▶ [Input material]
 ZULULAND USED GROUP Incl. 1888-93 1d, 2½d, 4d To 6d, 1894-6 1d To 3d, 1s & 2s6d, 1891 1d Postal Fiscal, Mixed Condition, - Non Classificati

==

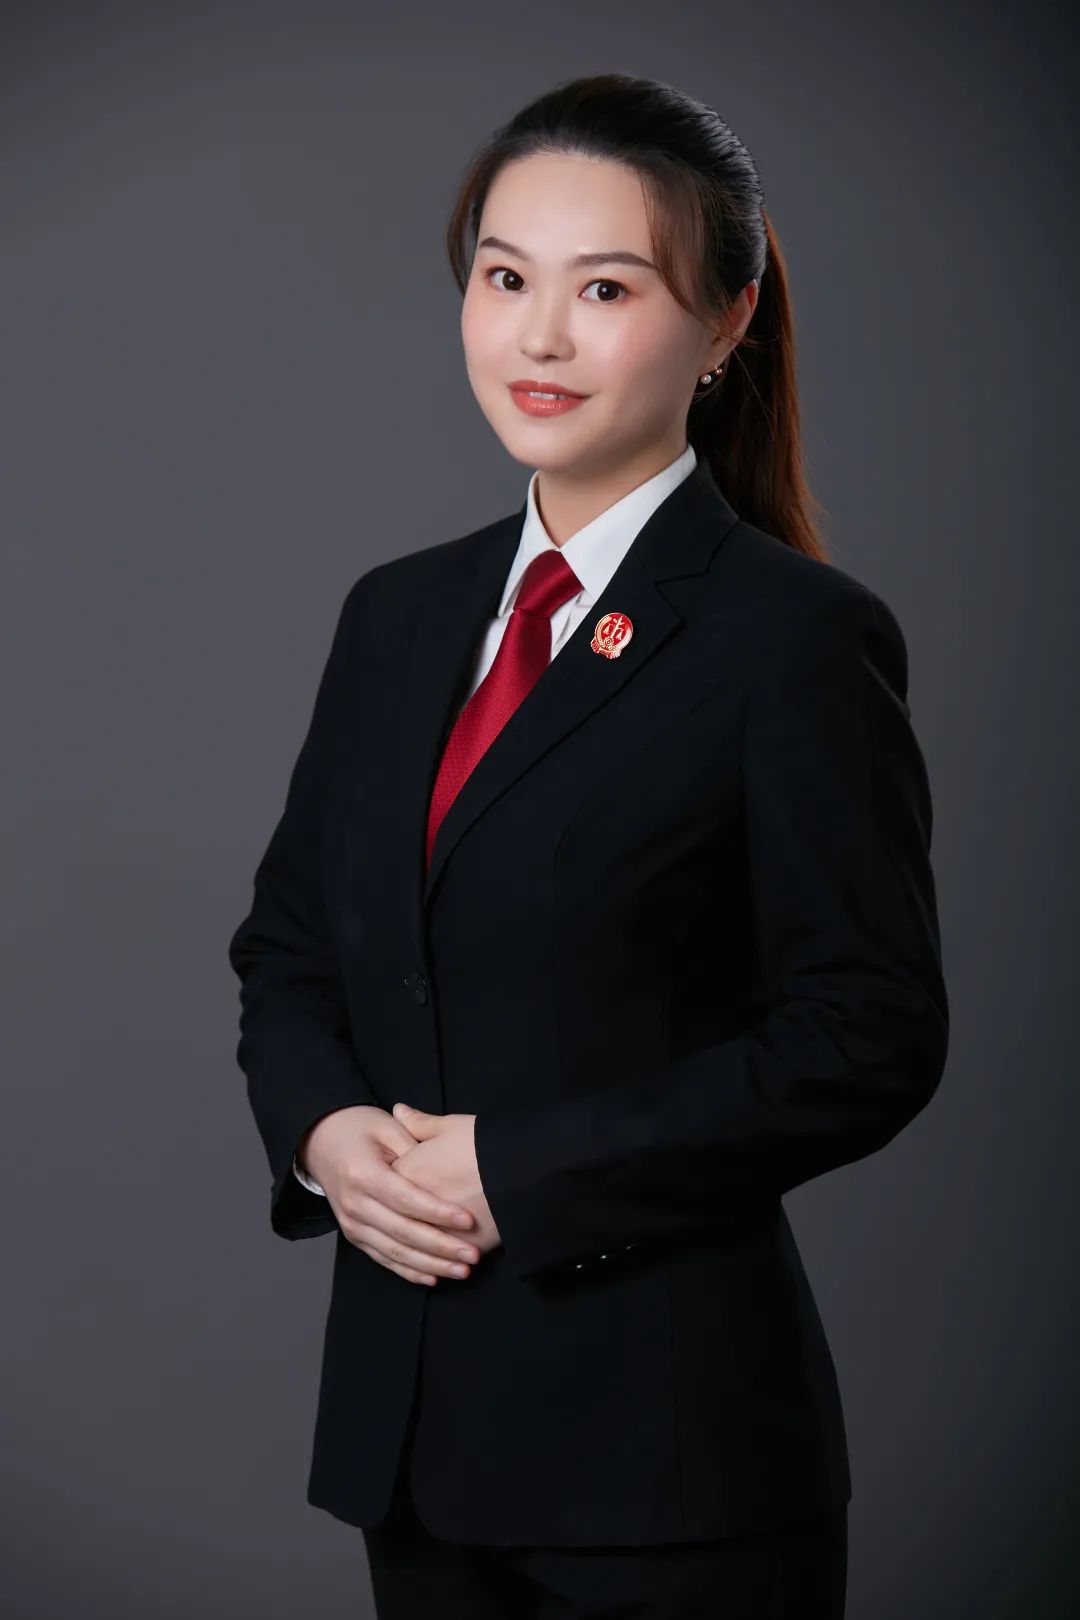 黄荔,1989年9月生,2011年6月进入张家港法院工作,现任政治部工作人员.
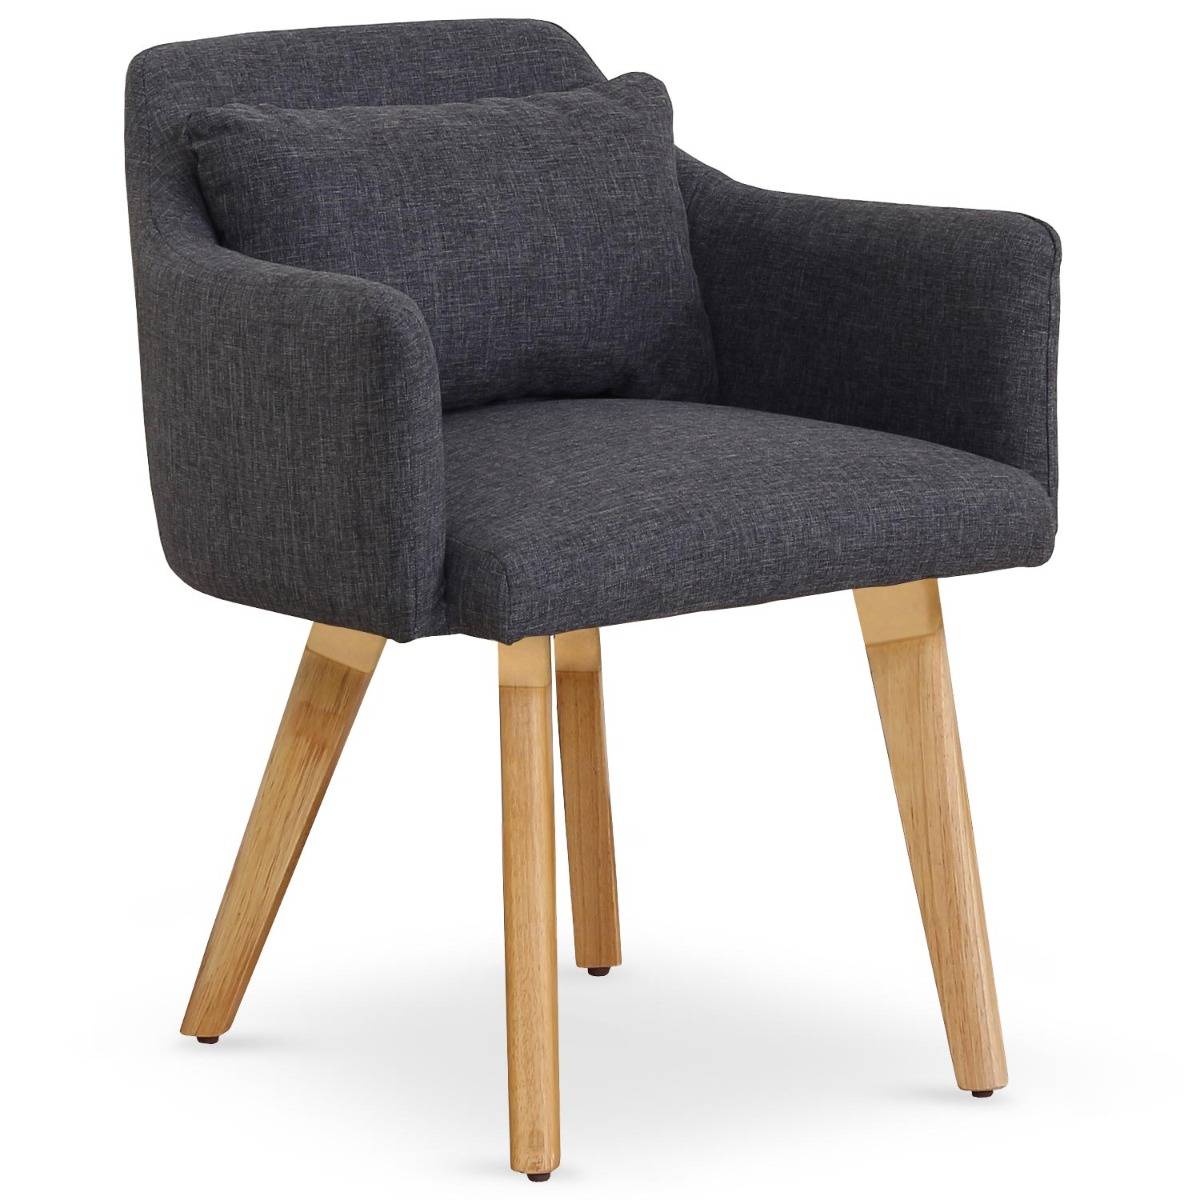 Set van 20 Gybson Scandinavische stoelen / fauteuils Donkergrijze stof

* * *

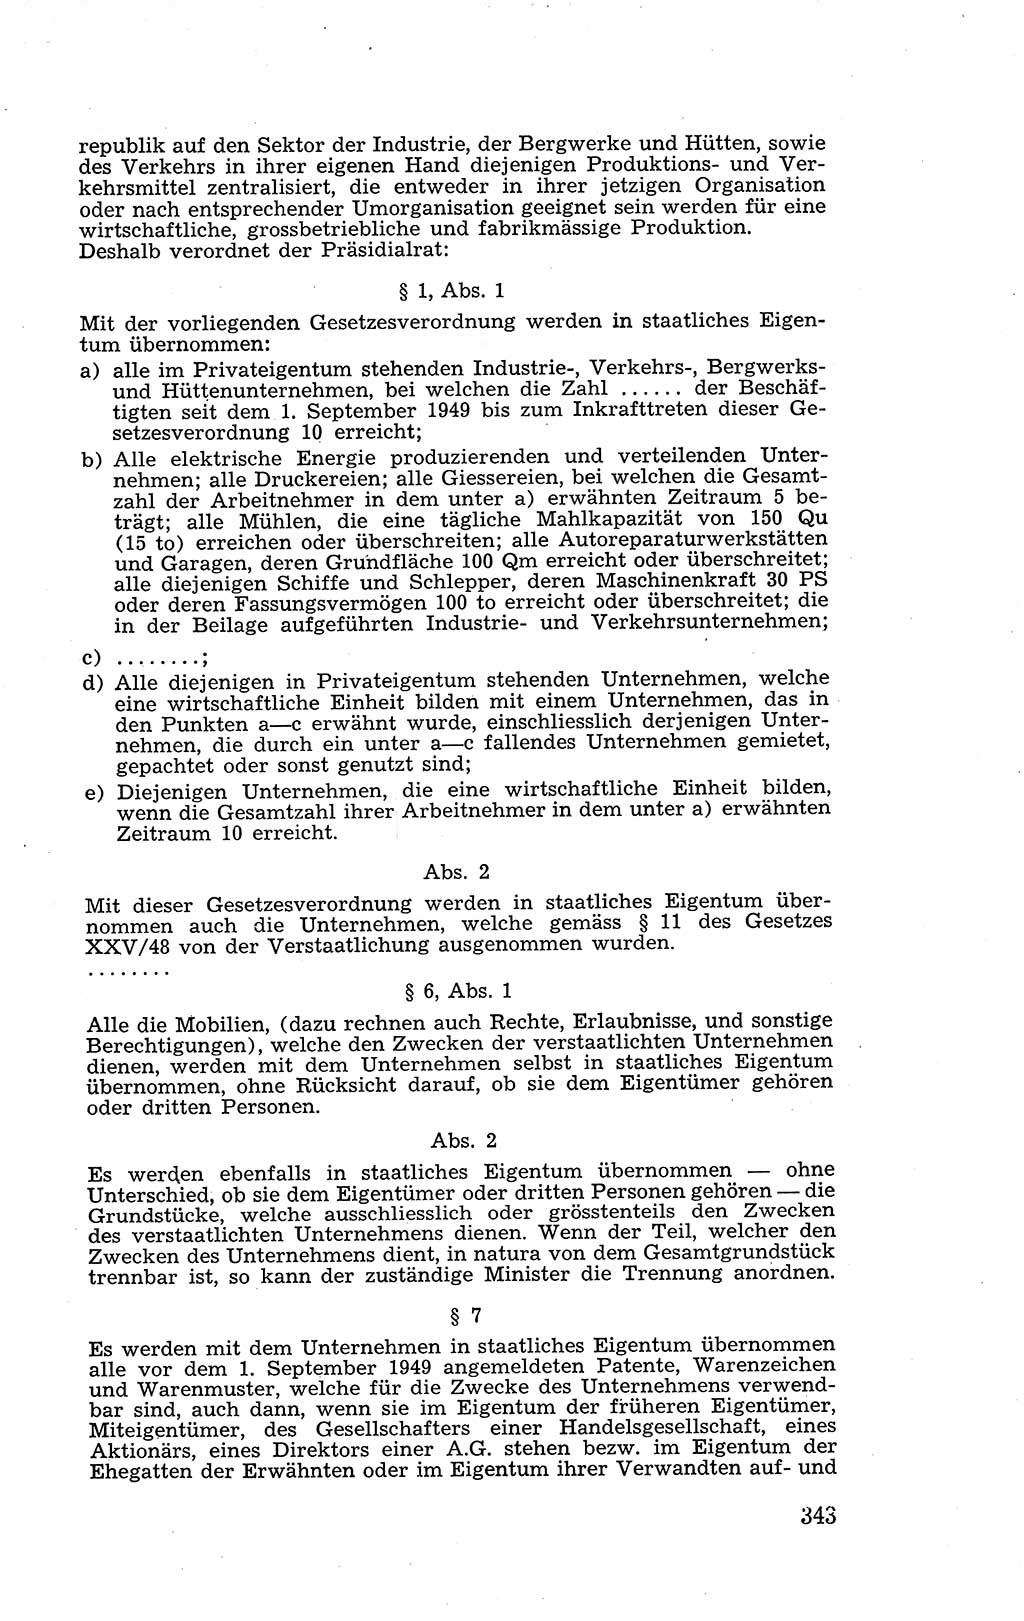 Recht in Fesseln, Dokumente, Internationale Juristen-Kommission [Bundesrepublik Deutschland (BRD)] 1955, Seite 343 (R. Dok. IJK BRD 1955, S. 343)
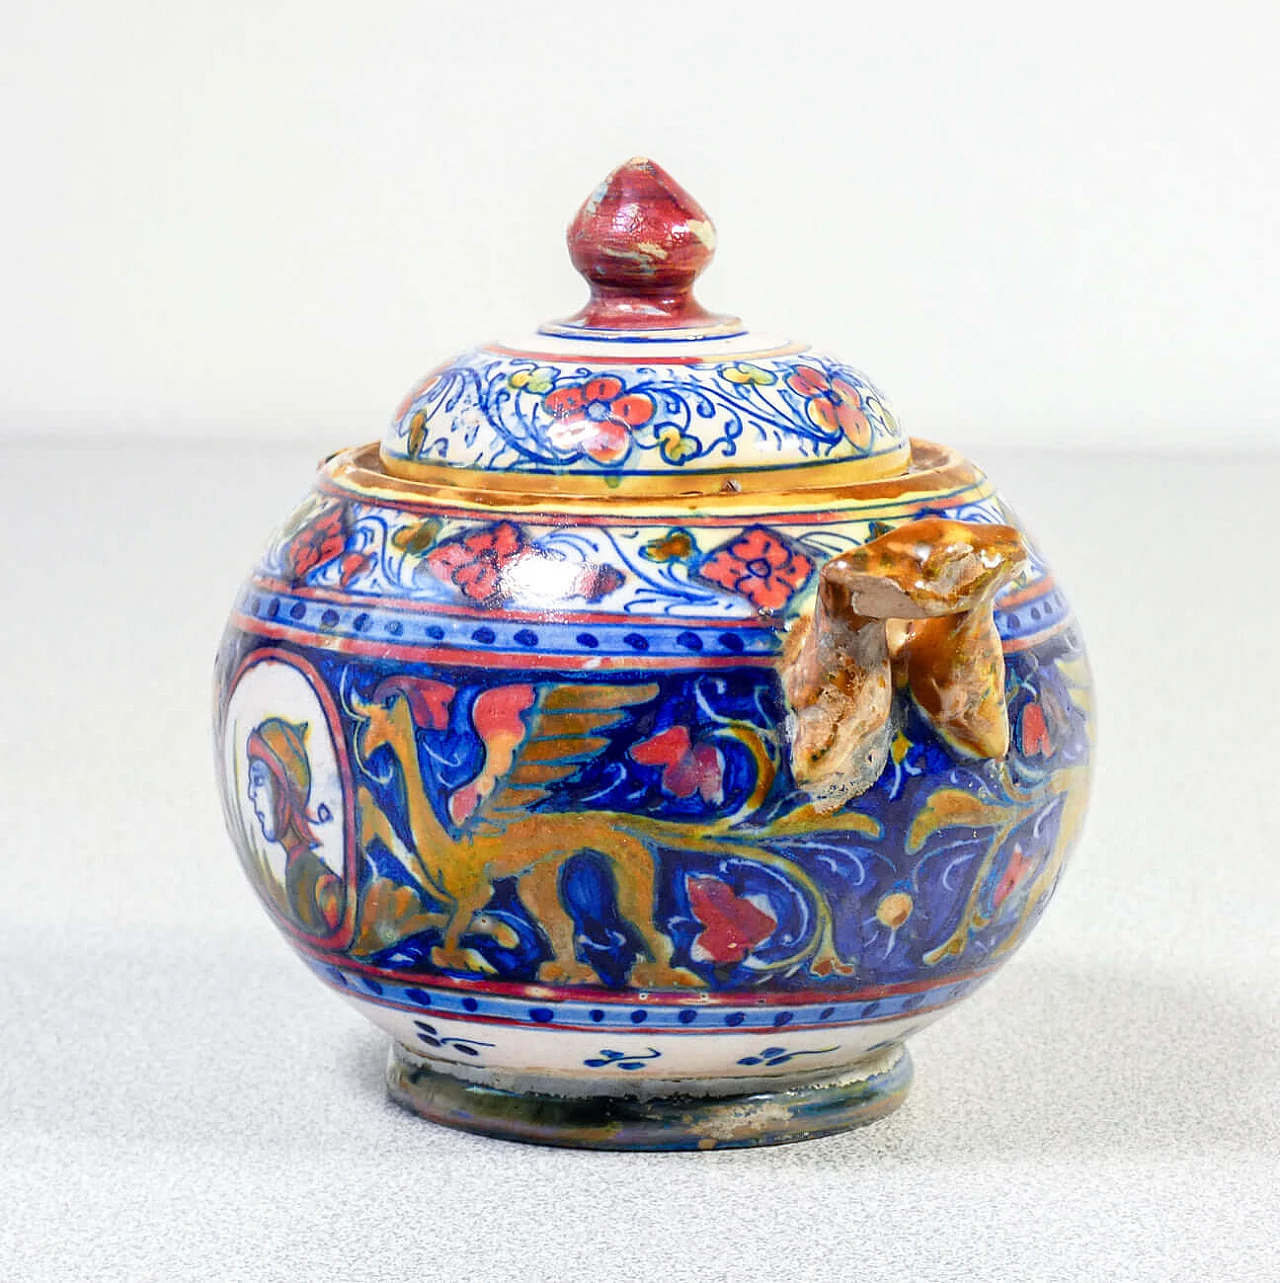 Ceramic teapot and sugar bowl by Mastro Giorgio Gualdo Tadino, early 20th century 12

▶ [Required action]
All that is wanted is the lines above between the one containing "黄荔,1989年9月生,2011年6月进入张家港法院工作,现任政治部工作人员." and the one containing "Set van 20 Gybson", inclusive, restated word for word, with pictures omitted.

▶ [Finished exercise]
 黄荔,1989年9月生,2011年6月进入张家港法院工作,现任政治部工作人员.
 Set van 20 Gybson Scandinavische stoelen / fauteuils Donkergrijze stof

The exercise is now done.